On Mon, Mar 6, 2017 at 10:10 AM, Piotr Kliczewski <pkliczew@redhat.com> wrote:


On Mon, Mar 6, 2017 at 9:46 AM, Dan Kenigsberg <danken@redhat.com> wrote:
On Mon, Mar 6, 2017 at 10:11 AM, Piotr Kliczewski <pkliczew@redhat.com> wrote:
>
>
> On Mon, Mar 6, 2017 at 8:23 AM, Dan Kenigsberg <danken@redhat.com> wrote:
>>
>> On Sun, Mar 5, 2017 at 9:50 PM, Piotr Kliczewski <pkliczew@redhat.com>
>> wrote:
>> >
>> >
>> > On Sun, Mar 5, 2017 at 8:29 AM, Dan Kenigsberg <danken@redhat.com>
>> > wrote:
>> >>
>> >> Piotr, could you provide more information?
>> >>
>> >> Which setupNetworks action triggers this problem? Any idea which lock
>> >> did we use to take and when did we drop it?
>> >
>> >
>> > I though that this [1] would make sure that setupNetworks is exclusive
>> > operation on a host which seems not to be the case.
>> > In the logs I saw following message sent:
>> >
>> >
>> > {"jsonrpc":"2.0","method":"Host.setupNetworks","params":{"networks":{"VLAN200_Network":{"vlan":"200","netmask":"255.255.255.0","ipv6autoconf":false,"nic":"eth0","bridged":"false","ipaddr":"192.0.3.1","dhcpv6":false,"mtu":1500,"switch":"legacy"}},"bondings":{},"options":{"connectivityTimeout":120,"connectivityCheck":"true"}},"id":"3f7f74ea-fc39-4815-831b-5e3b1c22131d"}
>> >
>> > Few seconds later there was:
>> >
>> >
>> > {"jsonrpc":"2.0","method":"Host.getAllVmStats","params":{},"id":"67d510eb-6dfc-4f67-97b6-a4e63c670ff2"}
>> >
>> > and still while we were calling pings there was:
>> >
>> >
>> > {"jsonrpc":"2.0","method":"StoragePool.getSpmStatus","params":{"storagepoolID":"8cc227da-70e7-4557-aa01-6d8ddee6f847"},"id":"d4d04c7c-47b8-44db-867b-770e1e19361c"}
>> >
>> > My assumption was that those calls should not happen and calls them
>> > selves
>> > could be corrupted or their responses.
>> > What do you think?
>> >
>> > [1]
>> >
>> > https://github.com/oVirt/ovirt-engine/blob/master/backend/manager/modules/bll/src/main/java/org/ovirt/engine/core/bll/network/host/HostSetupNetworksCommand.java#L285
>>
>> I suspect that getVmStats and getSpmStatus simply do not take the
>> hostmonitoring lock, and I don't see anything wrong in that.
>>
>> Note that during 006_migration, we set only a mere migration network,
>> not the management network. This operation should not interfere with
>> Engine-Vdsm communication in any way; I don't yet understand why you
>> suspect that it does.
>
>
> My assumption here is that I saw this failure 2 times and both were during
> setupNetworks.
> The pattern is that always a call fails which "should not" occur during such
> operation.
>

It is fair to suspect an interaction with setupNetworks, but let us
put some substance into it.
What is the mode of failure of the other command?

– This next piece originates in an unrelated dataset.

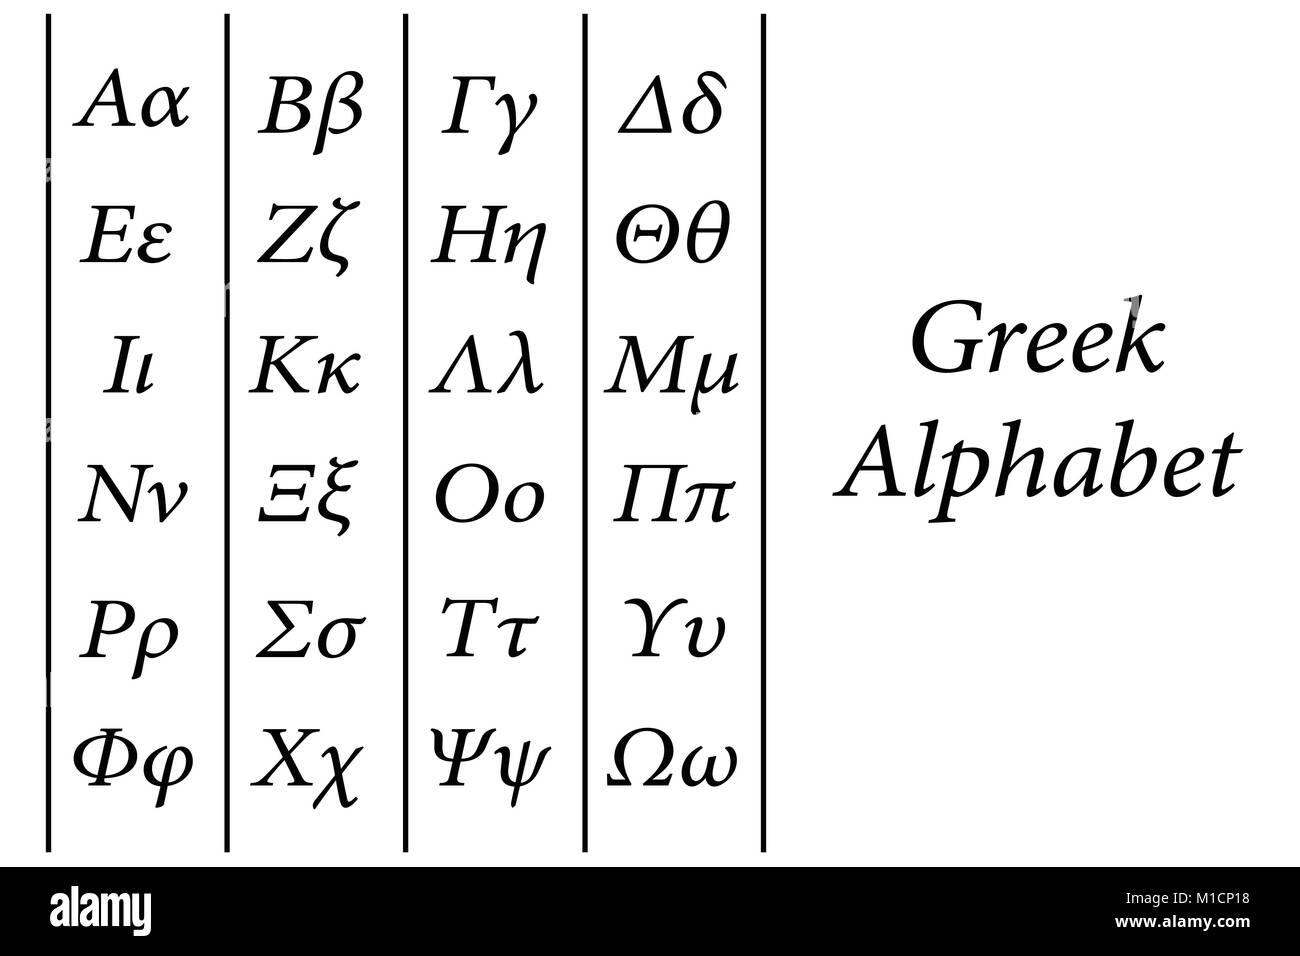 Greek Letters - senchou info

I am not sure what do you mean. Can you please explain?


Now, I understand the question (explanation offline). The reason why the parse method fails is that we have heartbeat frame glued together
with a response we should not get (partial).

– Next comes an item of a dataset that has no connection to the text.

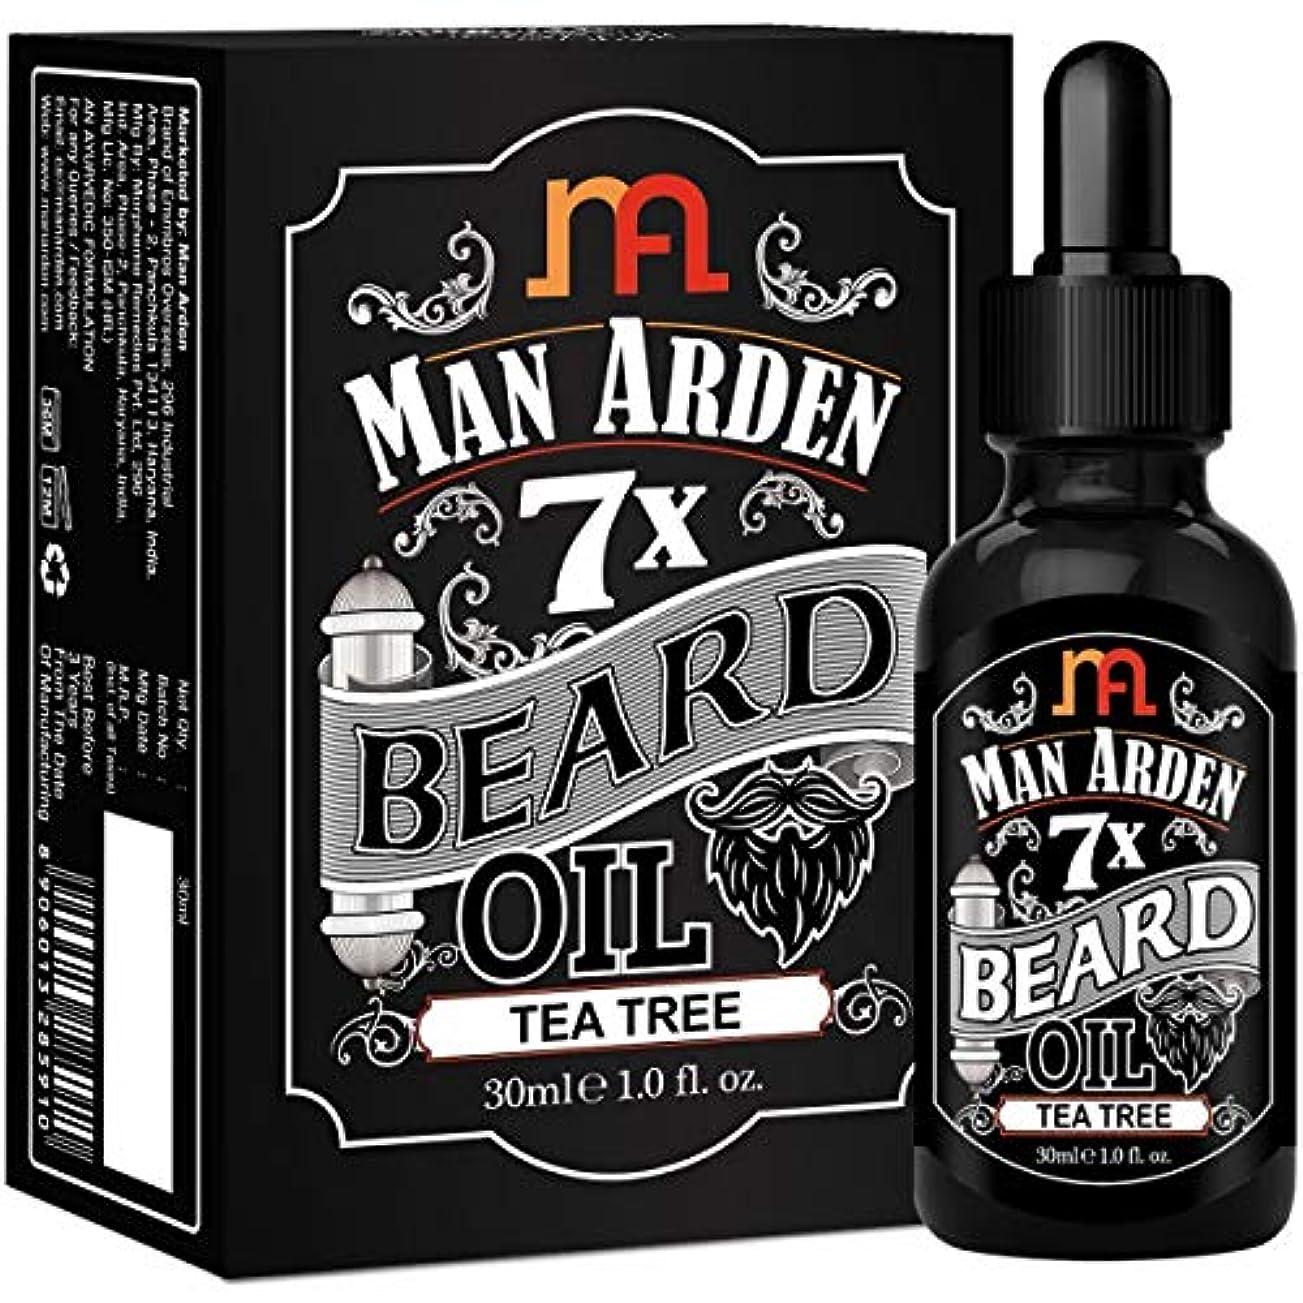 変形する身元伝説Man Arden 7X Beard Oil 30ml (Tea Tree) - 7 Premium Oils Blend For Beard Growth & Nourishment

During setupNetworks we ignore heartbeats but it doesn't mean that we do not receive them.
It seems that vdsm sends a heartbeat assuming that there was no interaction but actually there was.
We may want to fix this on vdsm side.

On the other hand we need to fix setupNetworks locking on the engine side. We either should not lock or
make sure the lock is taken for all possible interactions.